Un progetto interamente finanziato dalla diocesi che il 20 gennaio scorso ha visto concludersi la sua prima parte, la consegna di un corposo rapporto di indagine di oltre 600 pagine (scaricabile da tinyurl.com/5eznks89) al vescovo mons. Ivo Muser e al vicario generale mons. Eugen Runggaldier, dopo una conferenza stampa di presentazione. Autori del rapporto, elaborato in un anno di lavoro, gli avvocati dello studio legale Westphal, Spilker e Wastl di Monaco di Baviera, già impegnati in un lavoro analogo nella diocesi di Aachen (Acquisgrana, 2020) e nella stessa Monaco (2022), che hanno lavorato in collaborazione con lo studio di Brunico Kofler Baumgartner & Partner , che ha offerto assistenza sul piano delle specificità linguistiche, culturali e giuridiche locali. A Monaco, lo studio legale aveva coinvolto Joseph Ratzinger per questioni di gestione dei casi all’epoca in cui era arcivescovo della città (v. Adista Notizie n. 3 e 4/22 Adista online 23, 24 e 26 gennaio 2022) e aveva dato conto dell’abisso di clericalismo, protezione istituzionale e fallimento della leadership.
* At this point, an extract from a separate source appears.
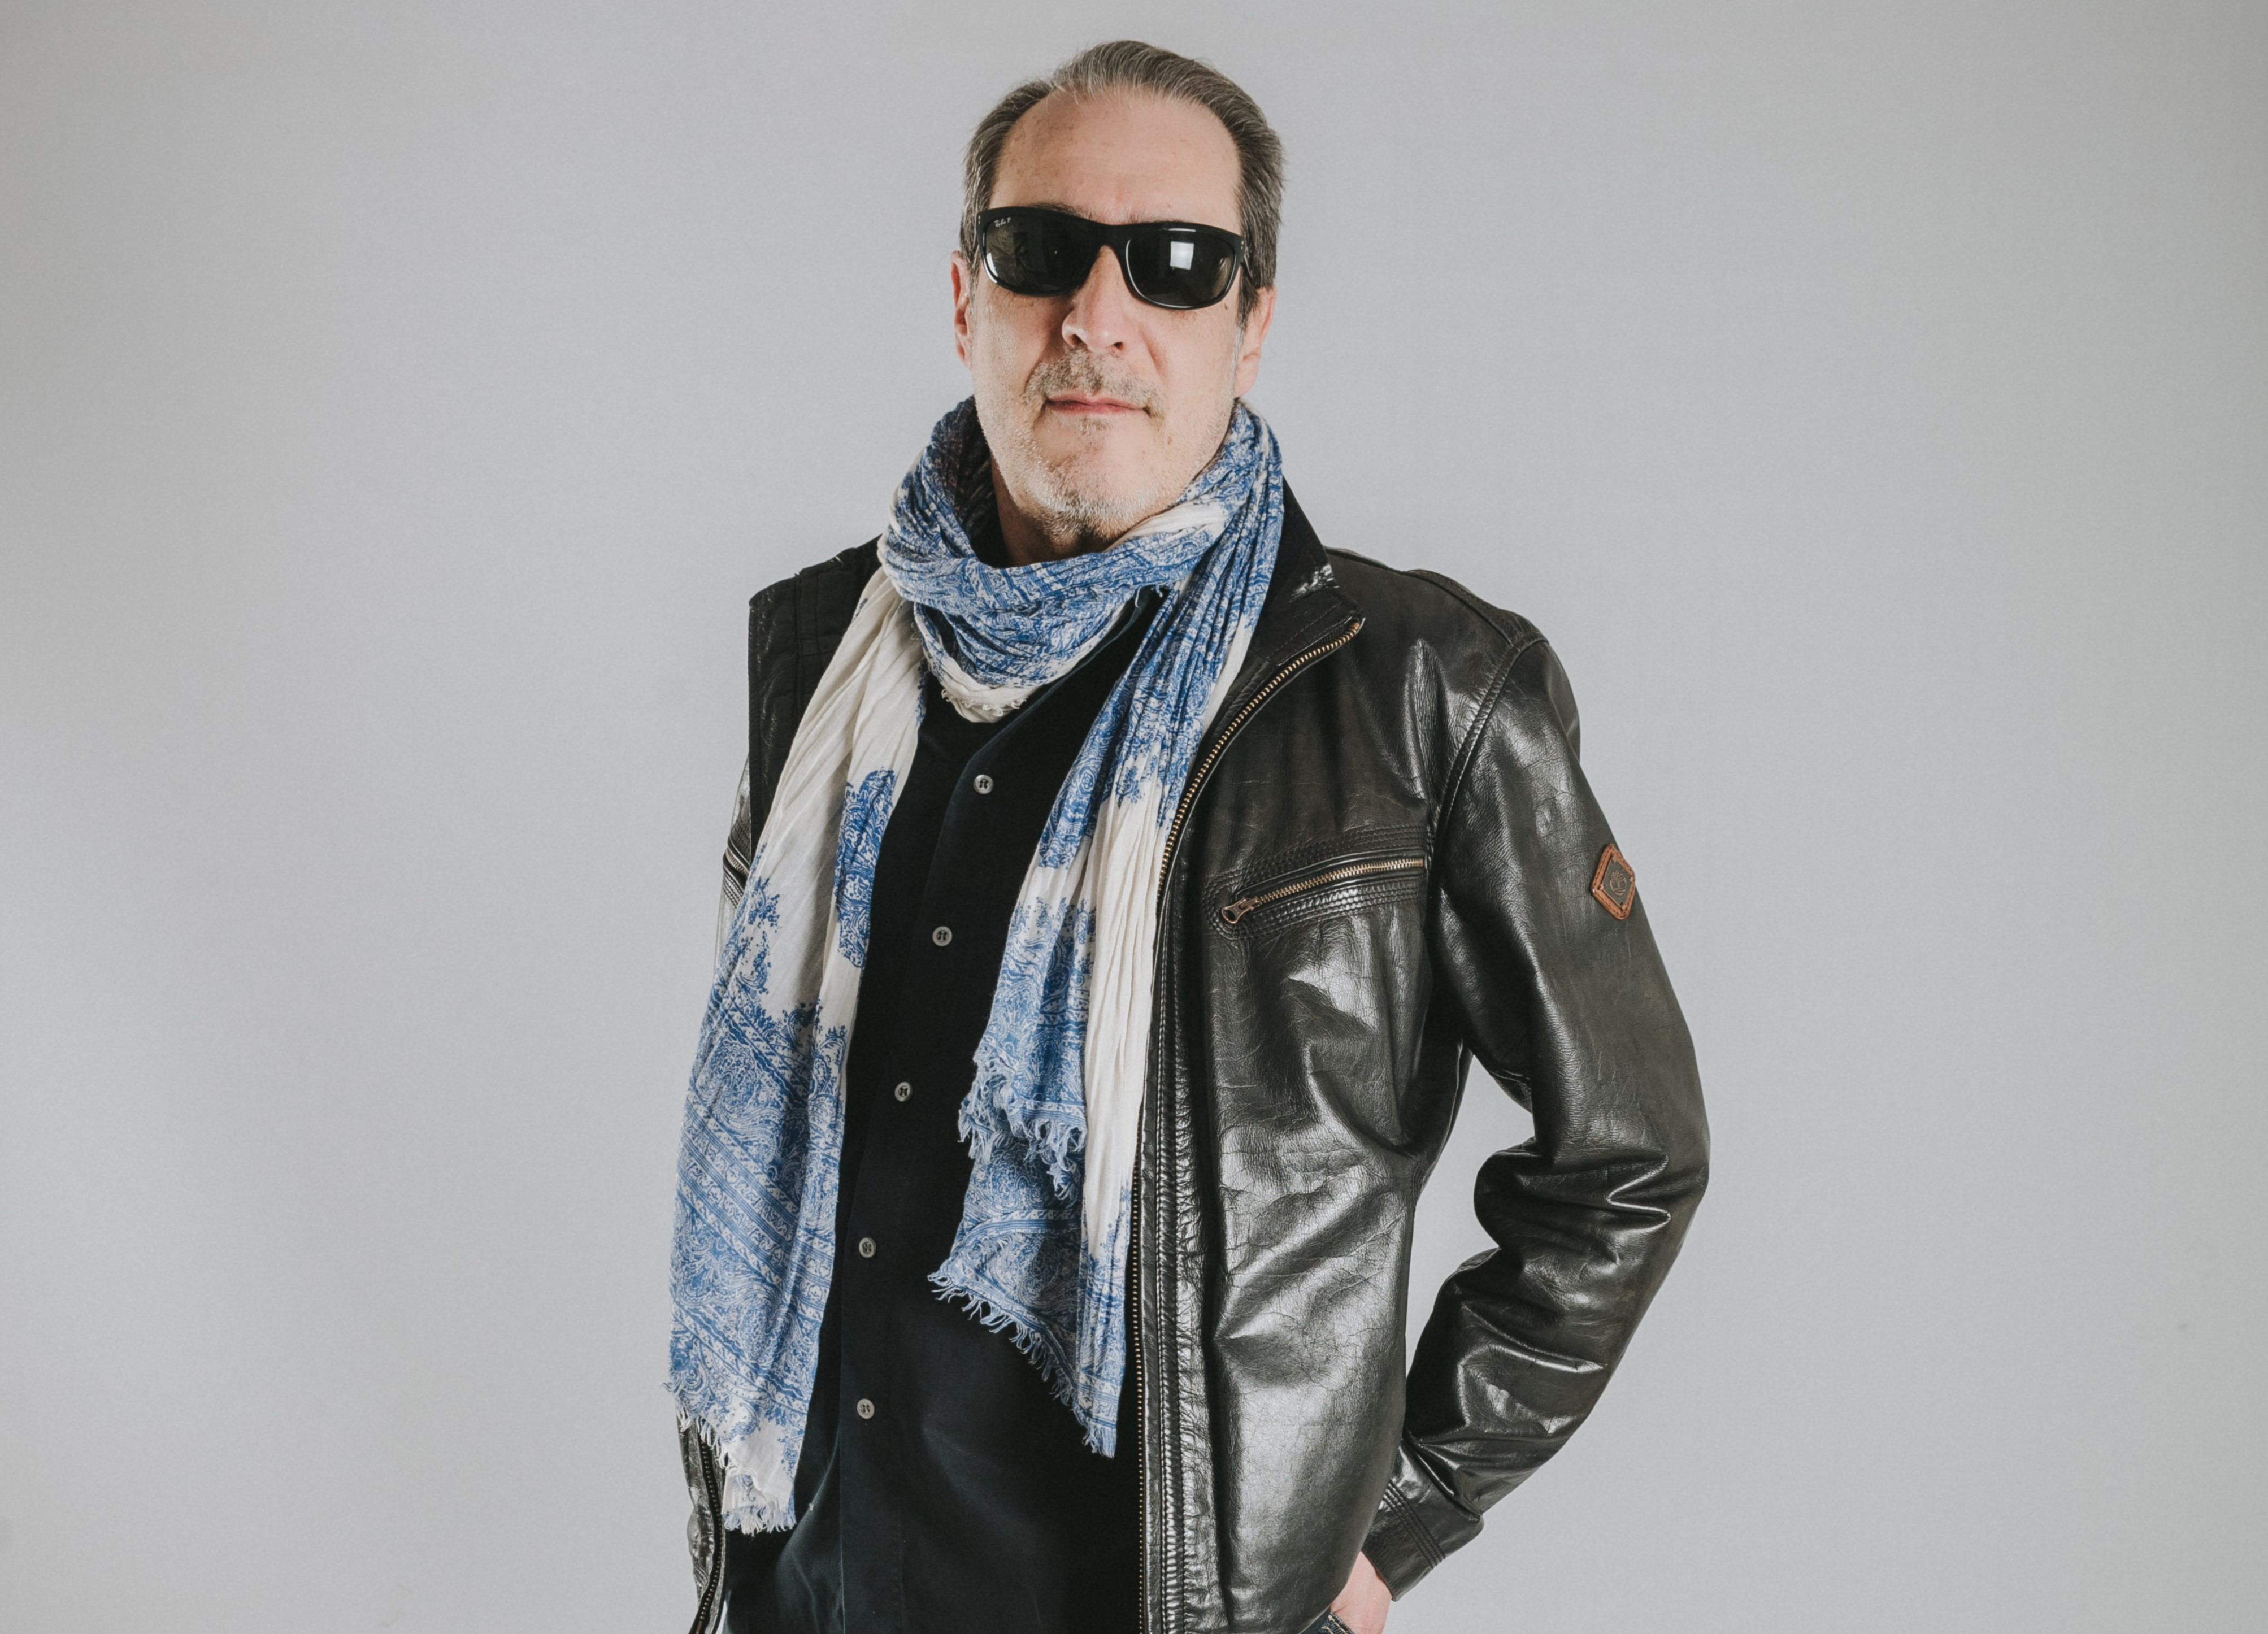 Xavier Agulló

Il progetto altoatesino triennale – portato avanti con con l’Istituto di Antropologia della Pontificia Università Gregoriana (IADC), presieduto da p. Hans Zollner, che ha dato vita all’idea del progetto in occasione di un incontro informativo nel marzo 2022 a Bolzano – si presentava già innovativo: «Il concetto va oltre gli approcci e le forme precedenti di rilevazione della realtà degli abusi in ambito ecclesiale», si leggeva sul sito della diocesi. Oltre ai criteri sociostorici, quelli del diritto canonico e del diritto civile «necessari per l’indagine e l’elaborazione e orientati verso le vittime e gli abusatori», il progetto percorre «una nuova via», con l’intenzione di avviare, «attraverso una visione per il futuro, un completo processo di trasformazione organizzativa». Dunque coinvolgimento in contemporanea di esperti interni (per promuovere «l’accettazione interna e includere le competenze interne») ed esterni (che «devono garantire un’attuazione trasparente e scientificamente responsabile del progetto»).

I numeri e le cause sistemiche

Non sono le cifre e i dati percentuali l’aspetto più interessante del rapporto, che pure occorre dare.
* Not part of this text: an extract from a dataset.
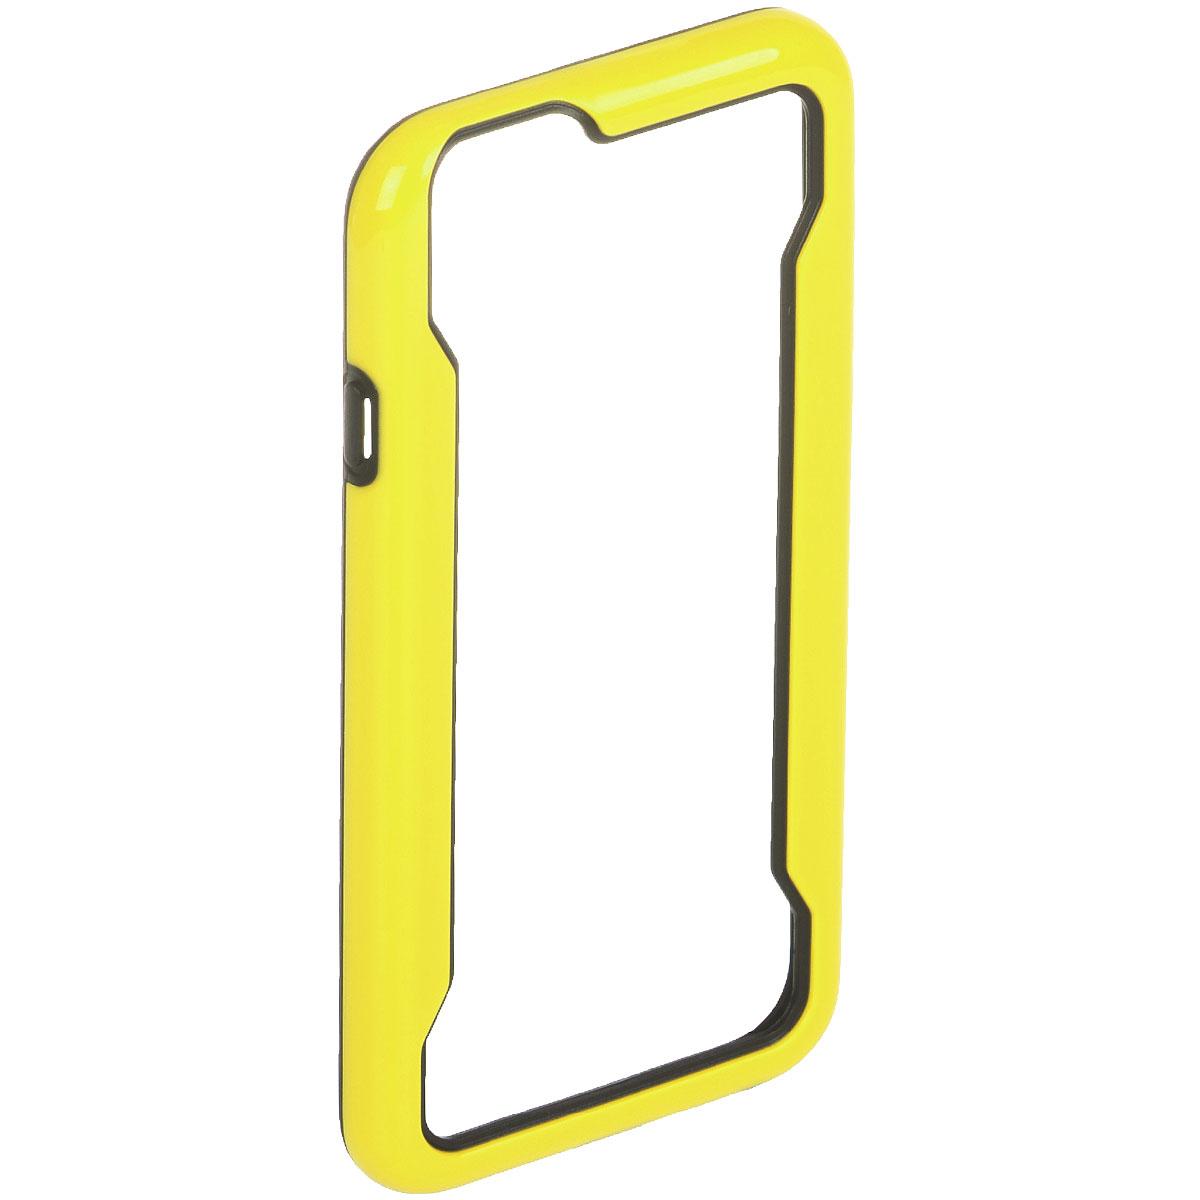 Liberty Project чехол-накладка для iPhone 6, Yellow BlackR0007955Защитная крышка Liberty Project служит защиты корпуса вашего смартфона от внешнего воздействия (пыль, влага, царапины). Модель доступна в различных цветах.

Gli avvocati, il 20 gennaio, hanno sottolineato come il quadro che emerge sia soltanto una parte dell’emerso, e dunque la punta della punta dell’iceberg. Hanno scelto di non ricorrere a proiezioni, come avvenuto invece in Francia, «perché – si legge nel testo – si offrirebbe il fianco alle critiche di coloro che notoriamente tendono a smontare le indagini condotte nell’ambito degli abusi sessuali allo scopo di screditare, in generale, gli sforzi compiuti per fare luce e chiarezza in questo settore». Una frecciata alla CEI, che ha sempre screditato il lavoro francese, ma anche a papa Francesco, che non ha mai voluto incontrare la francese Commissione Ciase. E non è l’unica: il quadro che emerge, scrivono gli avvocati tedeschi, evidenzia «la chiara esistenza di lacune sistemiche nettamente riconosciute e ampiamente descritte. Non è quindi possibile affermare di trovarsi di fronte a casi isolati disgiunti dal sistema». Come è noto, la CEI e il suo presidente, il card. Matteo Zuppi, rifiutano che si parli di cause sistemiche e continuano a fare riferimento a “casi isolati”.
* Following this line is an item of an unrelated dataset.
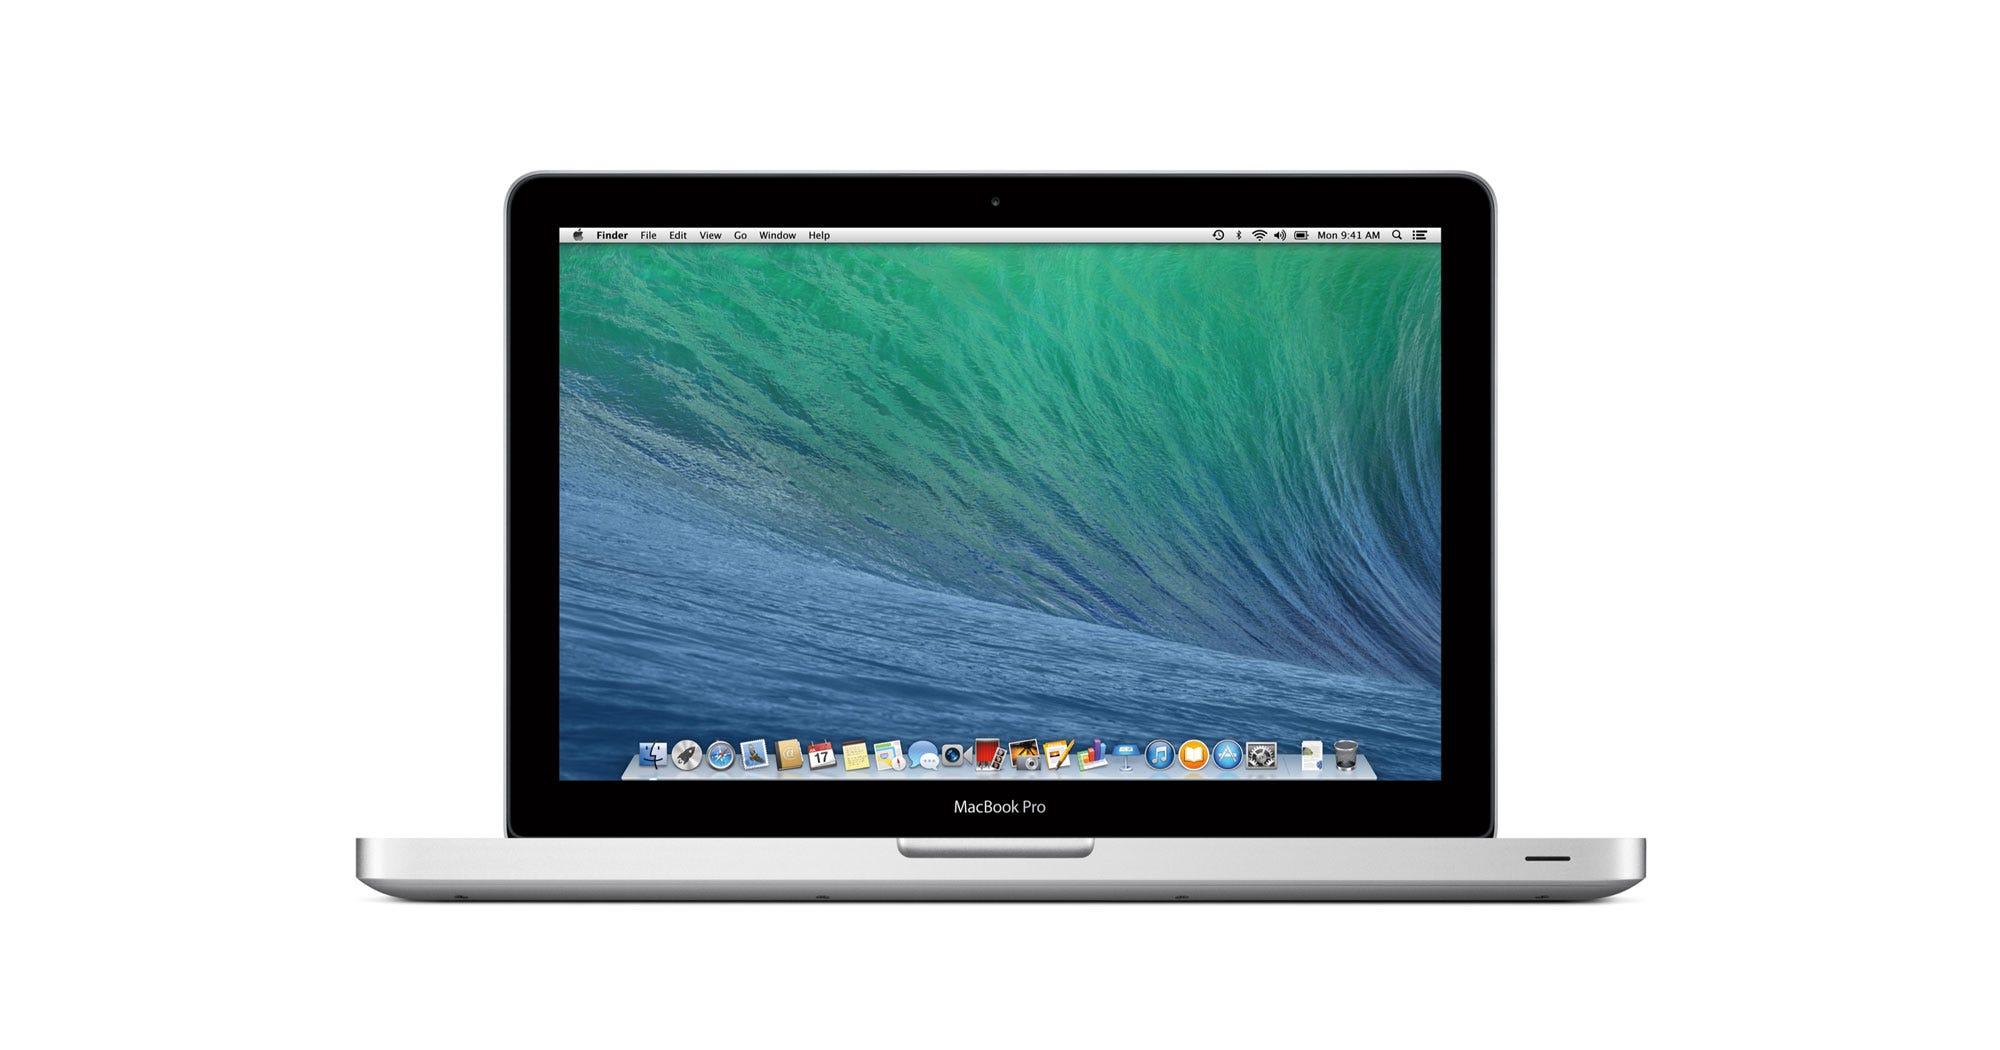 Apple New Macbook Pro October Event

Su mille fascicoli esaminati grazie all’accesso al Centro di ascolto diocesano (nato ben 15 anni fa, mentre nel resto d’Italia hanno visto la luce intorno al 2020-21, e nemmeno dappertutto), agli archivi diocesani, dei Seminari, di varie istituzioni legate alla Chiesa, nel periodo dal 1964 – data di creazione dell’attuale diocesi di Bolzano-Bressanone – al 2023, emergono 67 «quadri di possibili aggressioni sessuali» che hanno coinvolto 75 persone. Si parla in 59 casi di «abusi in prevalenza probabili o dimostrati» a cui si aggiungono, sempre per quanto riguarda le persone offese, 16 casi che «risultano ancora non chiariti». E qui, un’anomalia rispetto al resto del mondo: il 68% di queste persone sono di sesso femminile, e l’abuso di sarebbe svolto quando avevano dagli 8 ai 14 anni. È noto infatti come, a livello tendenziale generale, più bassa è l’età degli abusati, maggiore è la percentuale dei maschi. Qui è il contrario, per cause che gli esperti dovranno studiare. Anche sul fronte degli abusatori c’è qualche sorpresa: 41 i preti coinvolti («29 per i quali le accuse mosse sono dimostrabilmente vere o altamente probabili. Rispetto ad altri 12 chierici, le accuse formulate non hanno potuto essere invece giudicate con il necessario grado di certezza», si legge nel rapporto). La loro età, al momento degli abusi, è più bassa di quanto emerga in altri analoghi rapporti, concentrando nel gruppo più folto (29%) la fascia di età compresa tra i 28 e i 35 anni.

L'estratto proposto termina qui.